■ Description of the task ■
Without the images, print every line of the material below exactly as given.

■ Dataset extract ■
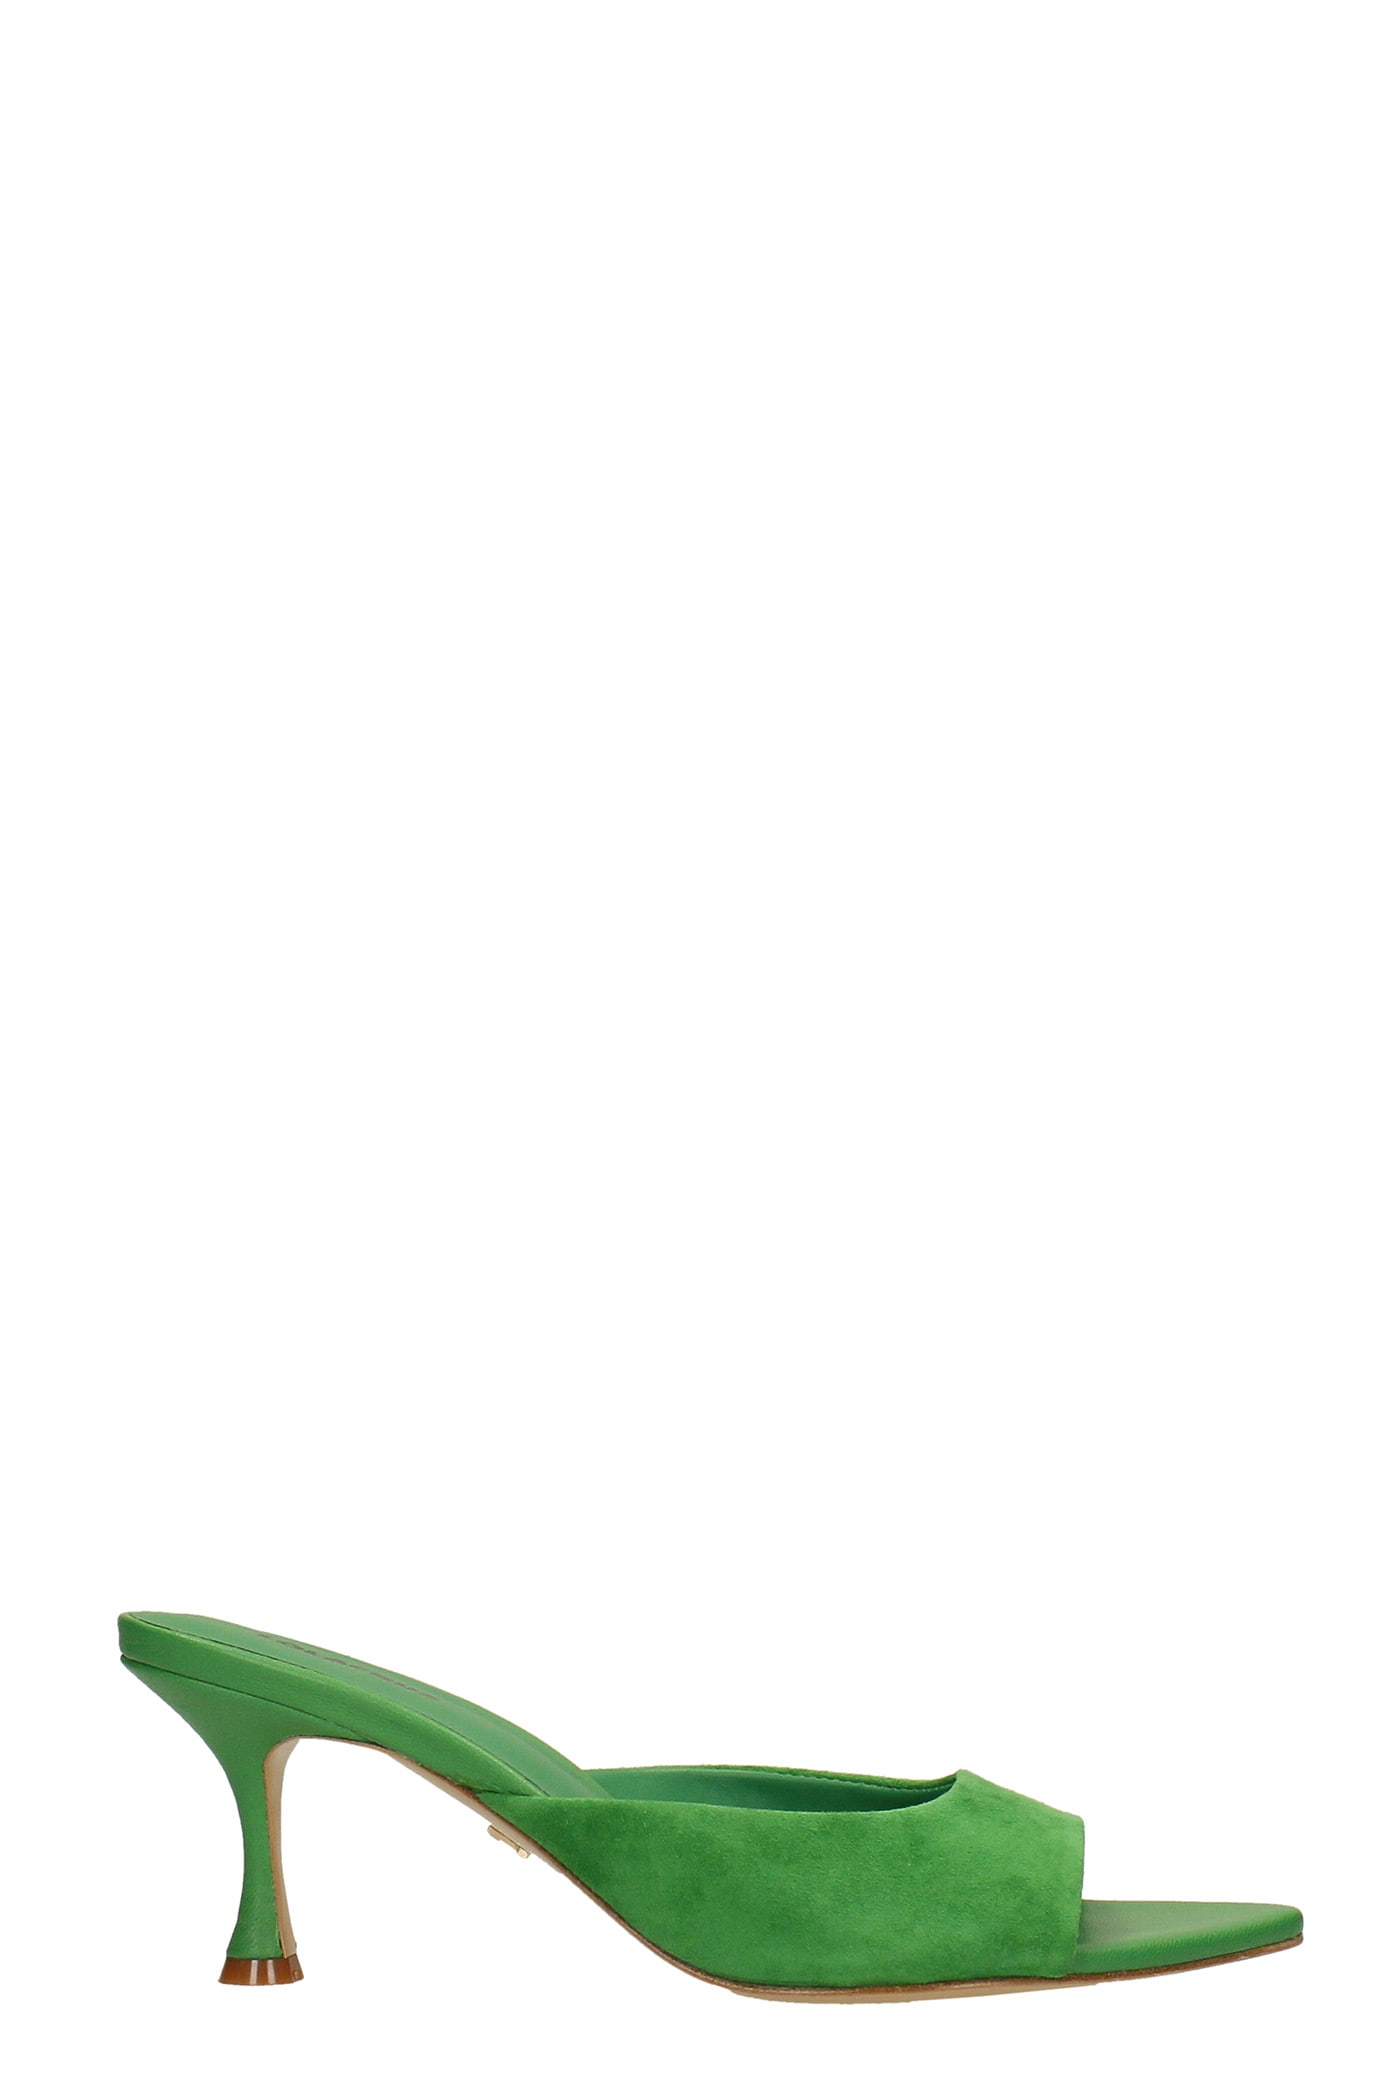 lola cruz slipper-mule in green suede
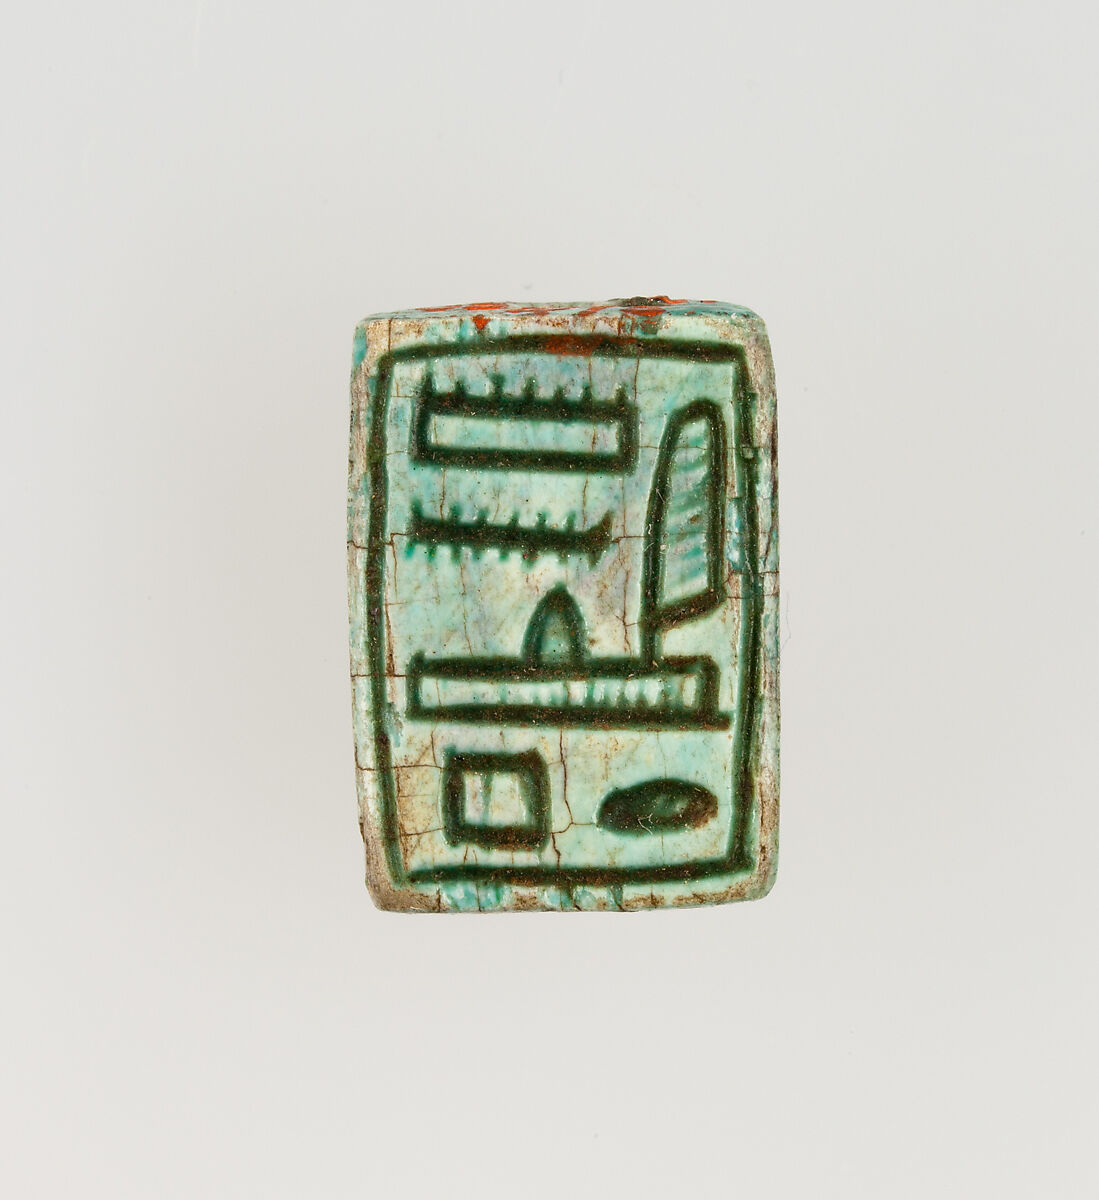 Stamp Seal Inscribed for Amenhotep I, Steatite (glazed) 
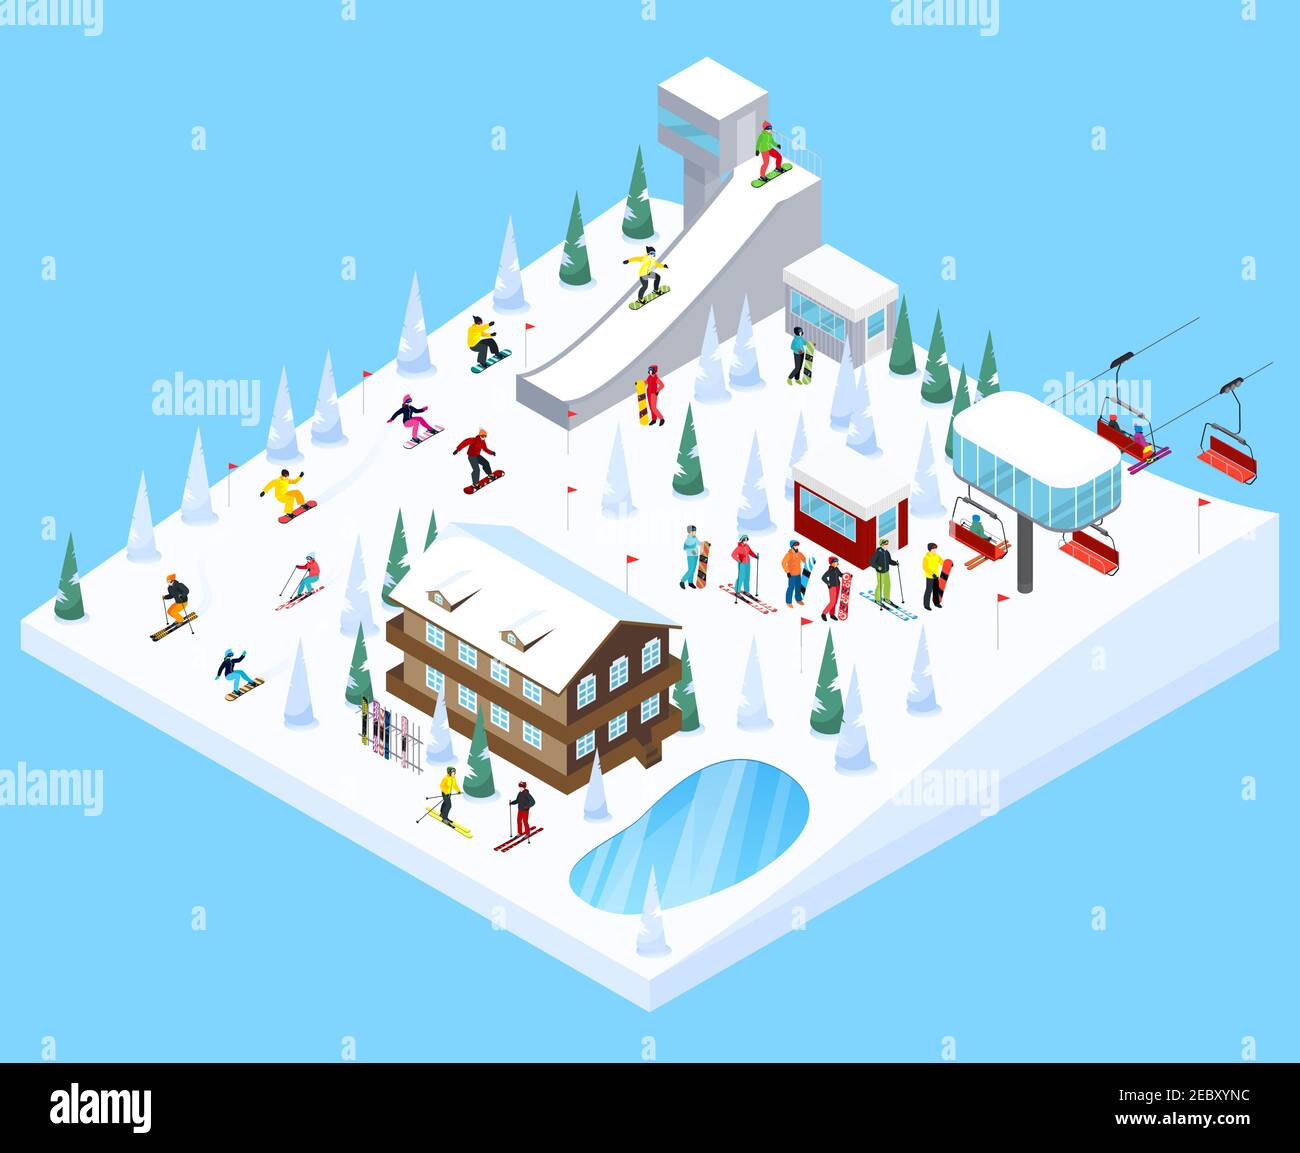 Bergresort Dorf isometrische Landschaft Konstruktor Element mit verkleinert Skisprungschanze Bäume Häuser Skisprungrampen Vektor-Illustration Stock Vektor

■ Answer to the problem ■
 lola cruz slipper-mule in green suede
 Stamp Seal Inscribed for Amenhotep I, Steatite (glazed) 
 Bergresort Dorf isometrische Landschaft Konstruktor Element mit verkleinert Skisprungschanze Bäume Häuser Skisprungrampen Vektor-Illustration Stock Vektor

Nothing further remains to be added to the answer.